What to do.
Find the line below with "A rare French" and the line with "Depicting a cherub". Output them and the lines between, exactly, but not the pictures.

--- Data for this task ---

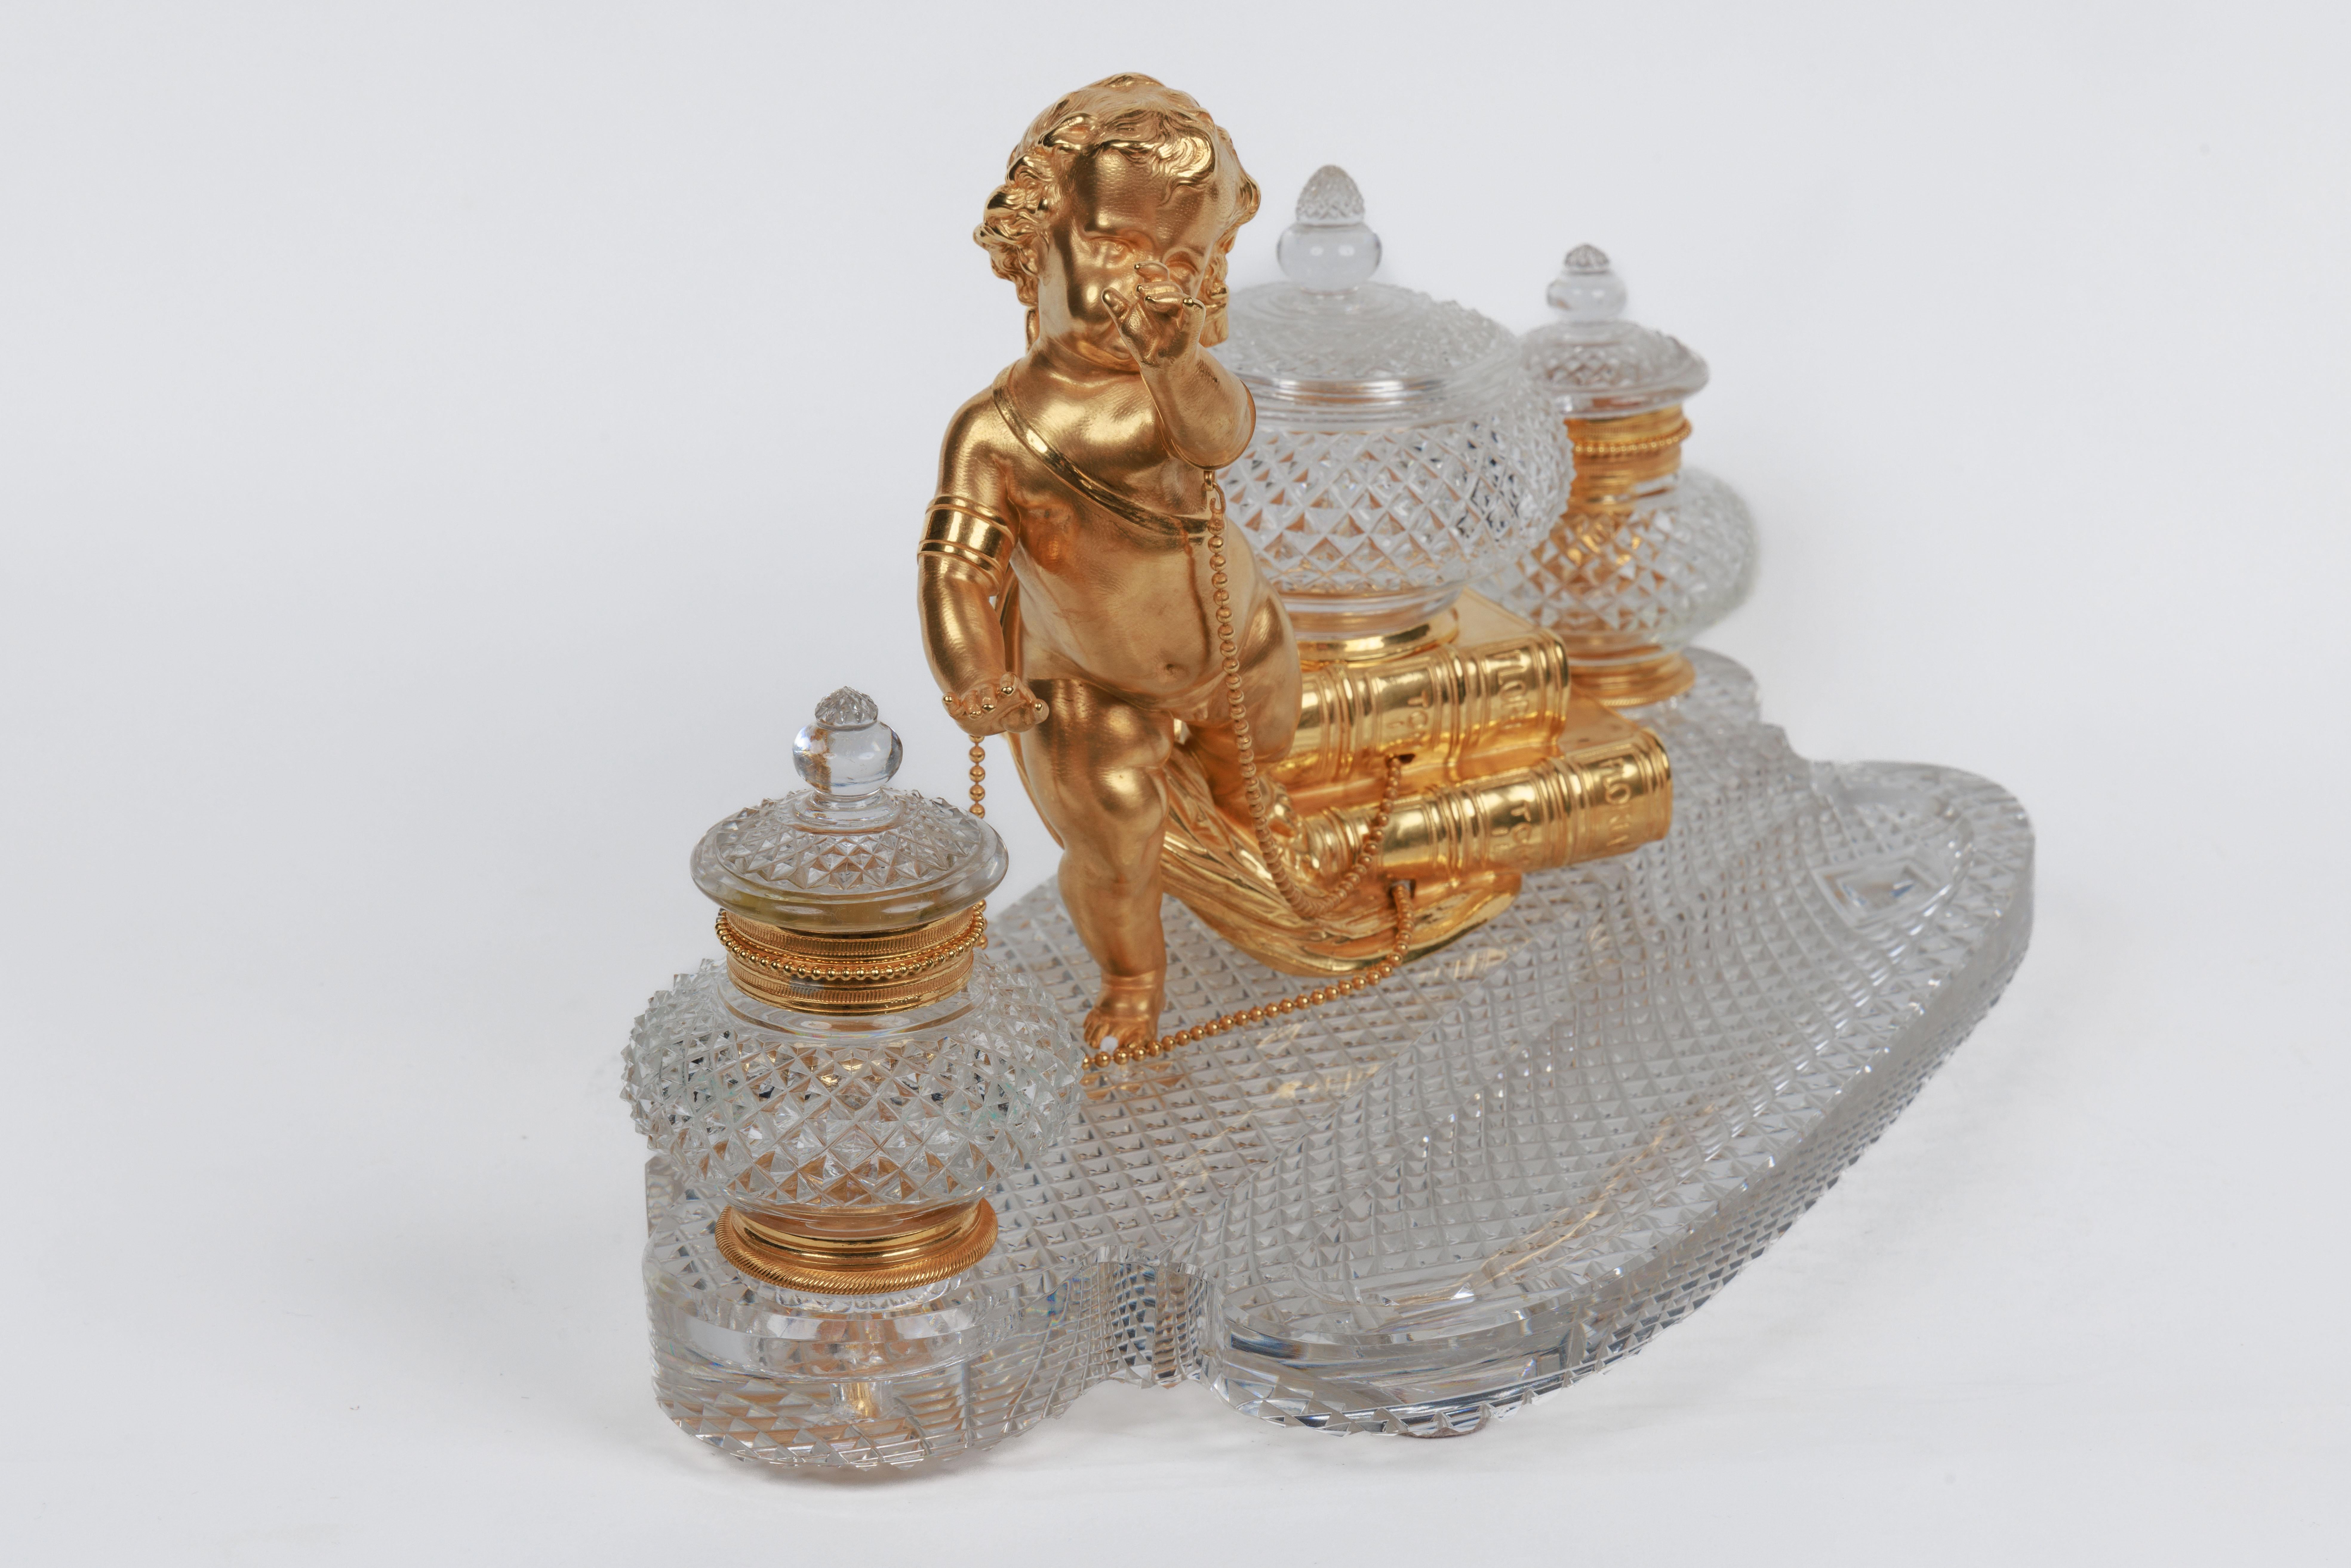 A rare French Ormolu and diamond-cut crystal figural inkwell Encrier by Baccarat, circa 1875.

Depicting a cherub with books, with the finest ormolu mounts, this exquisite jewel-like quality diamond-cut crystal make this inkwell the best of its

---
--- Data for this task ---

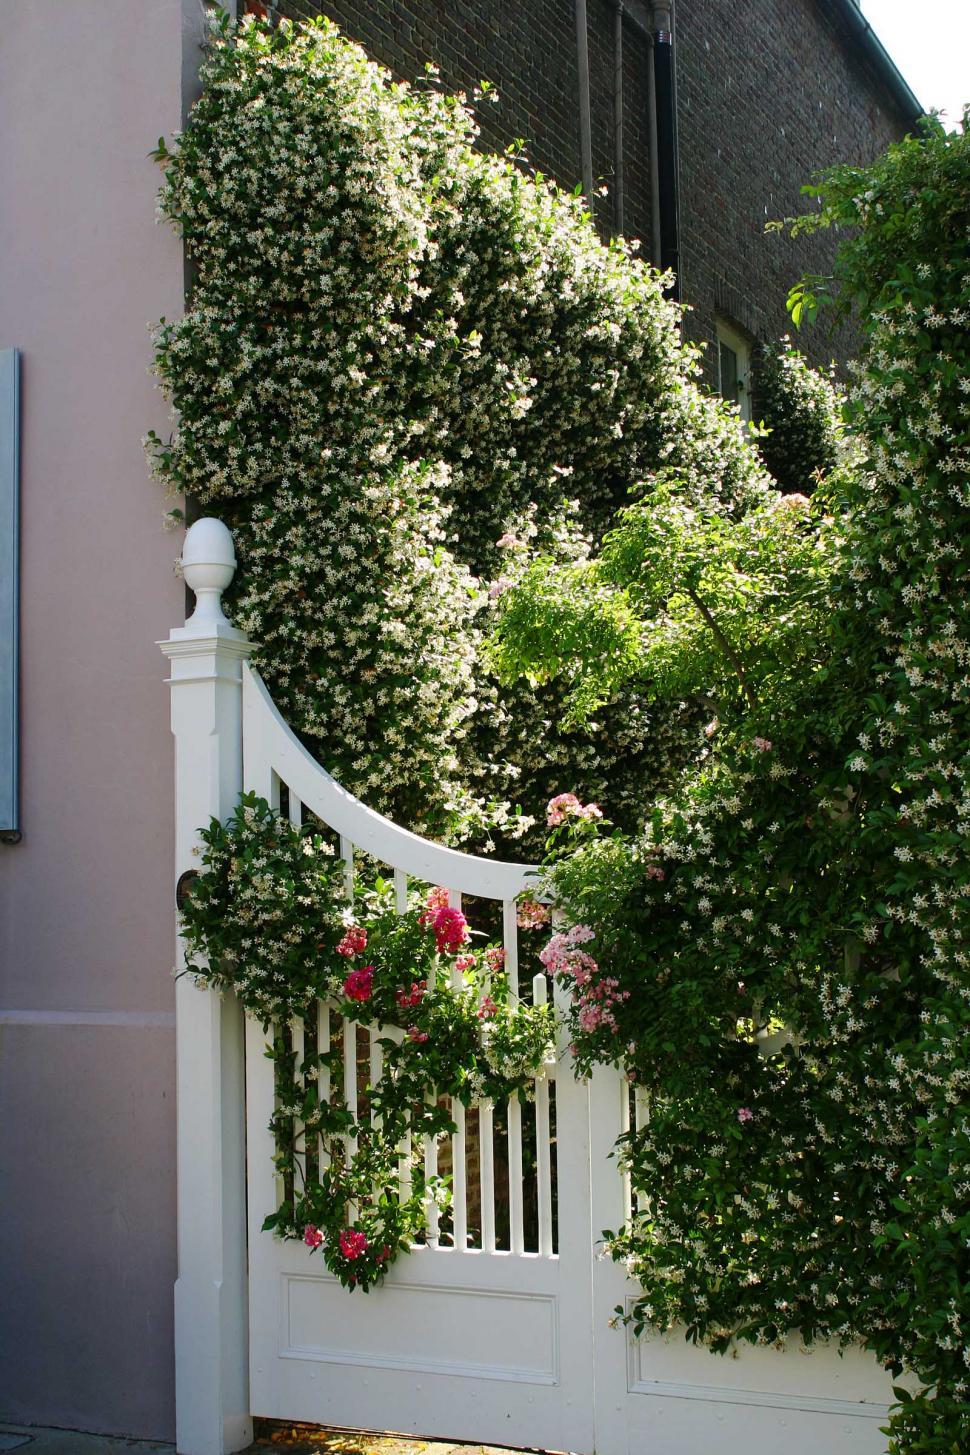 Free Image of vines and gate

---
--- Data for this task ---

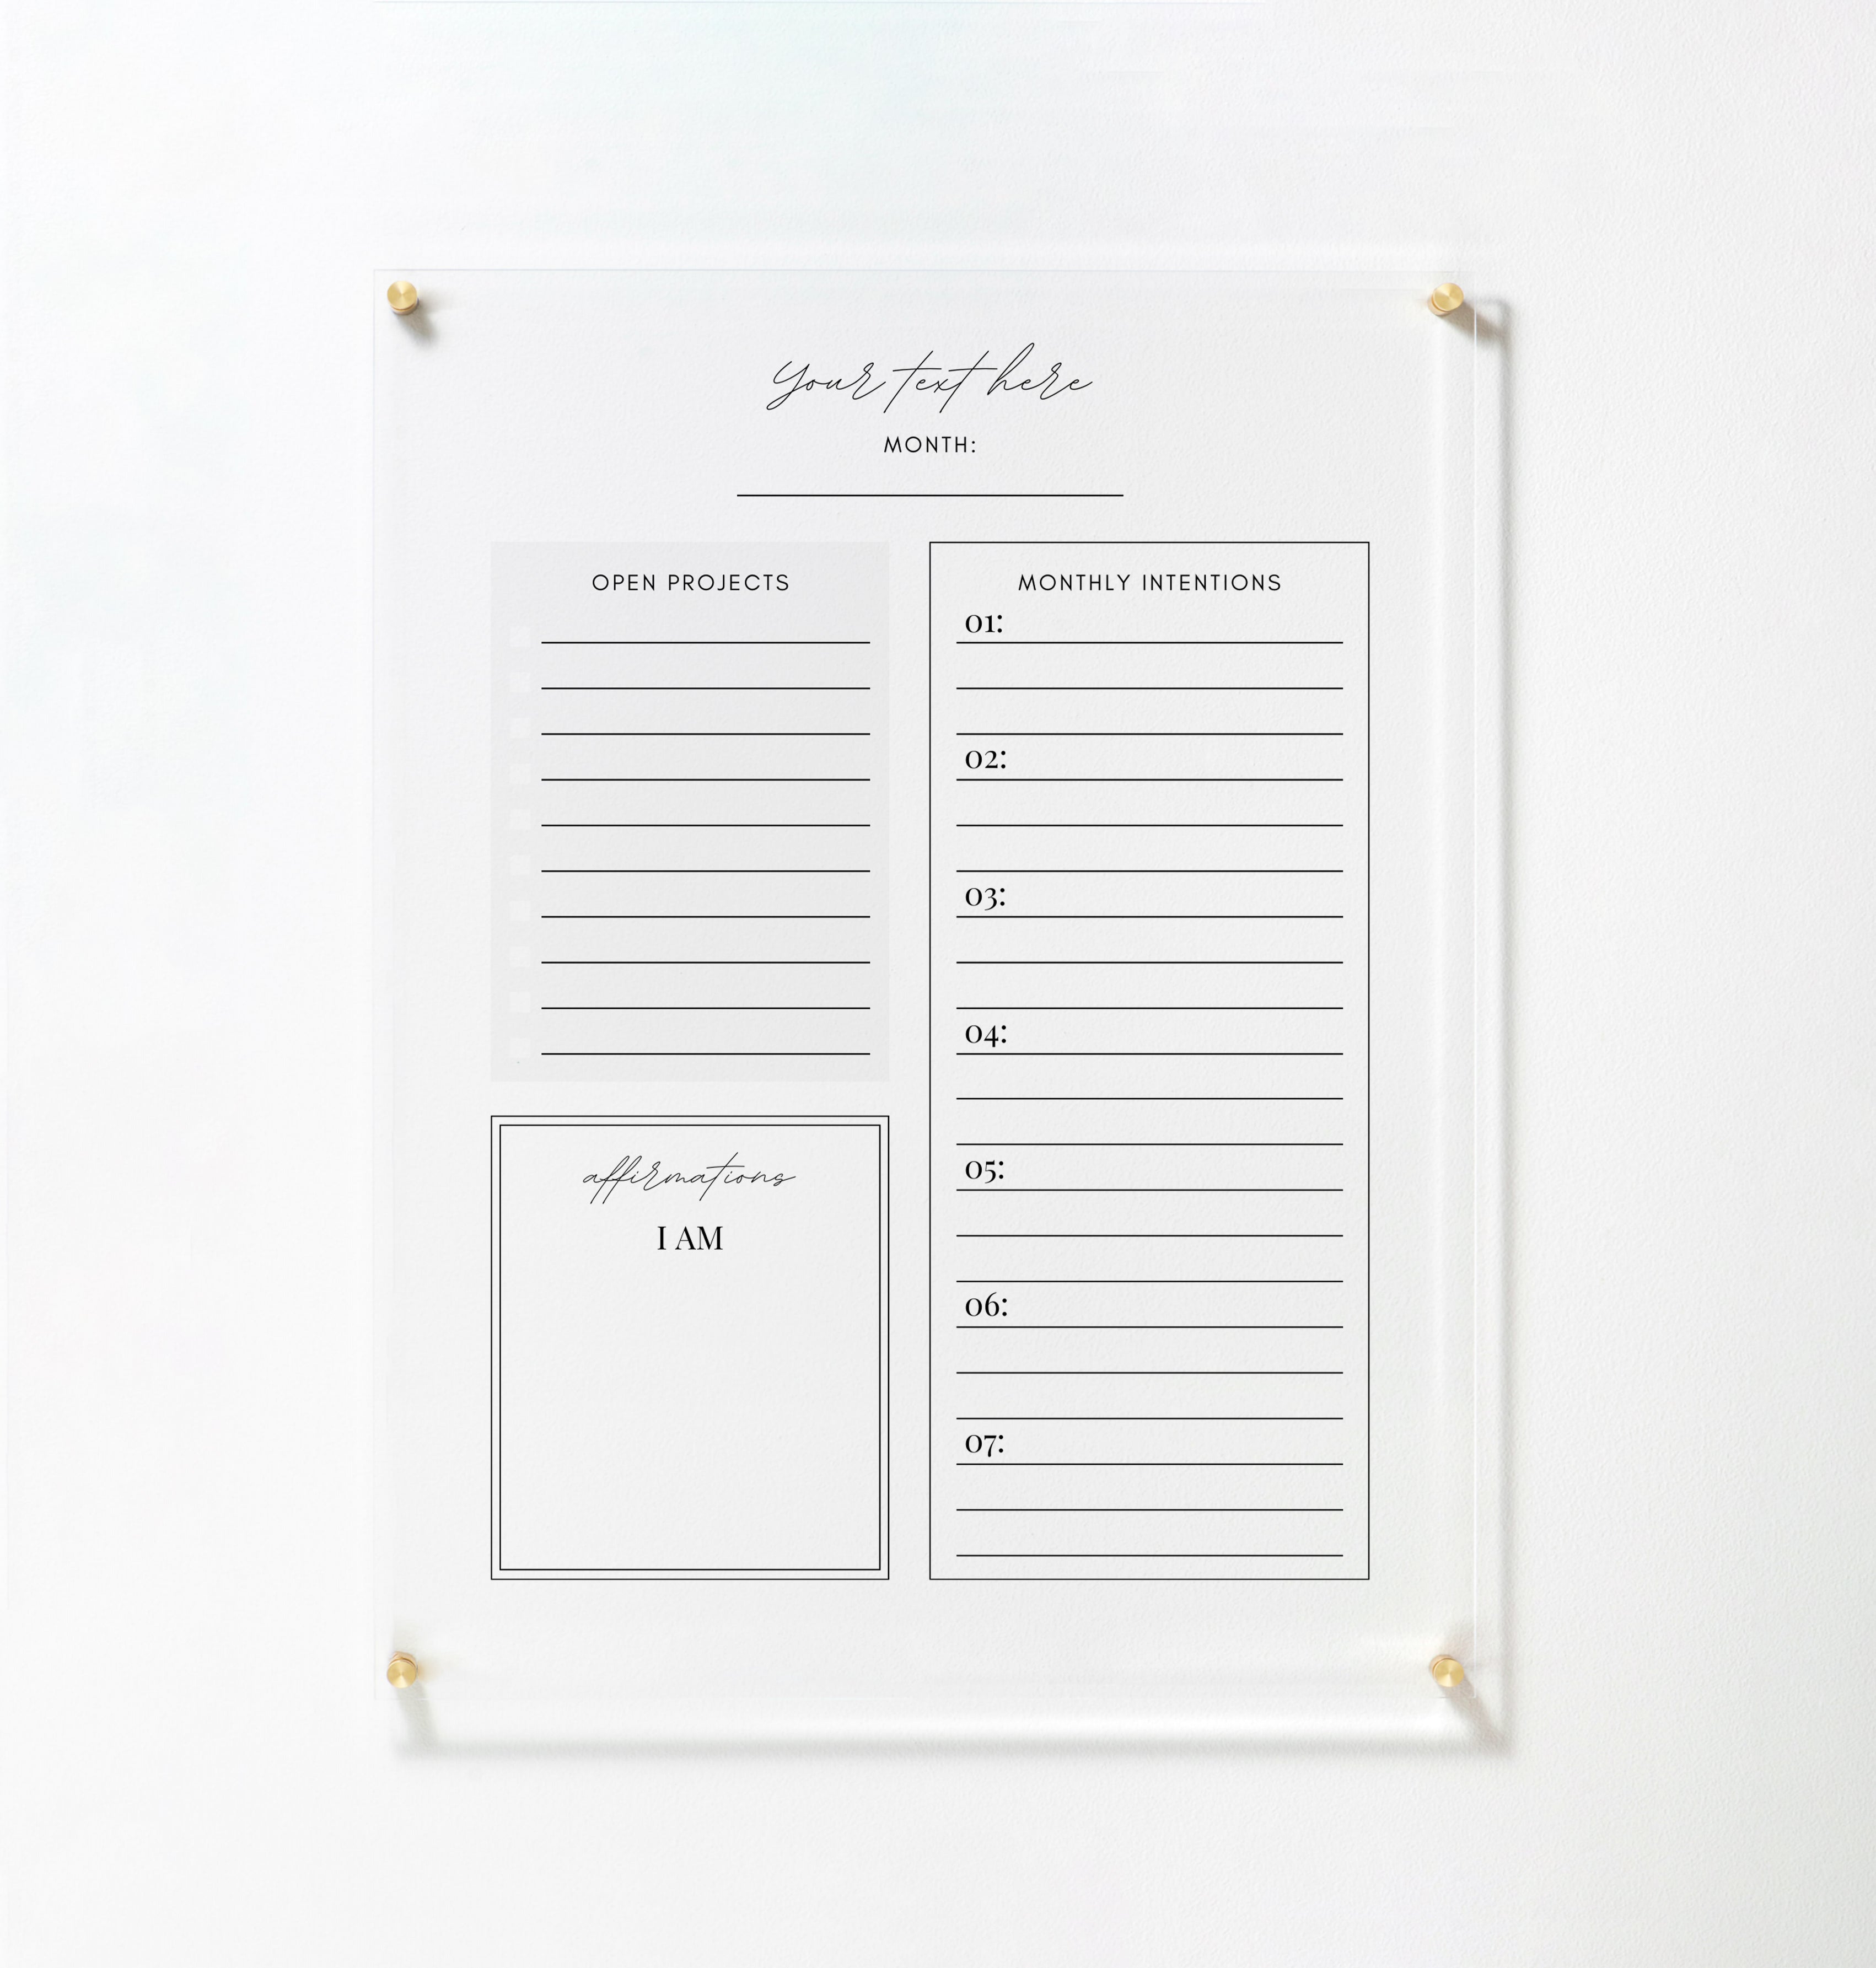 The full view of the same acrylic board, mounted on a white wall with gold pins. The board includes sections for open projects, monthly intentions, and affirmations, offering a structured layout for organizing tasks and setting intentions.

---

Exercise result.
 A rare French Ormolu and diamond-cut crystal figural inkwell Encrier by Baccarat, circa 1875.

Depicting a cherub with books, with the finest ormolu mounts, this exquisite jewel-like quality diamond-cut crystal make this inkwell the best of its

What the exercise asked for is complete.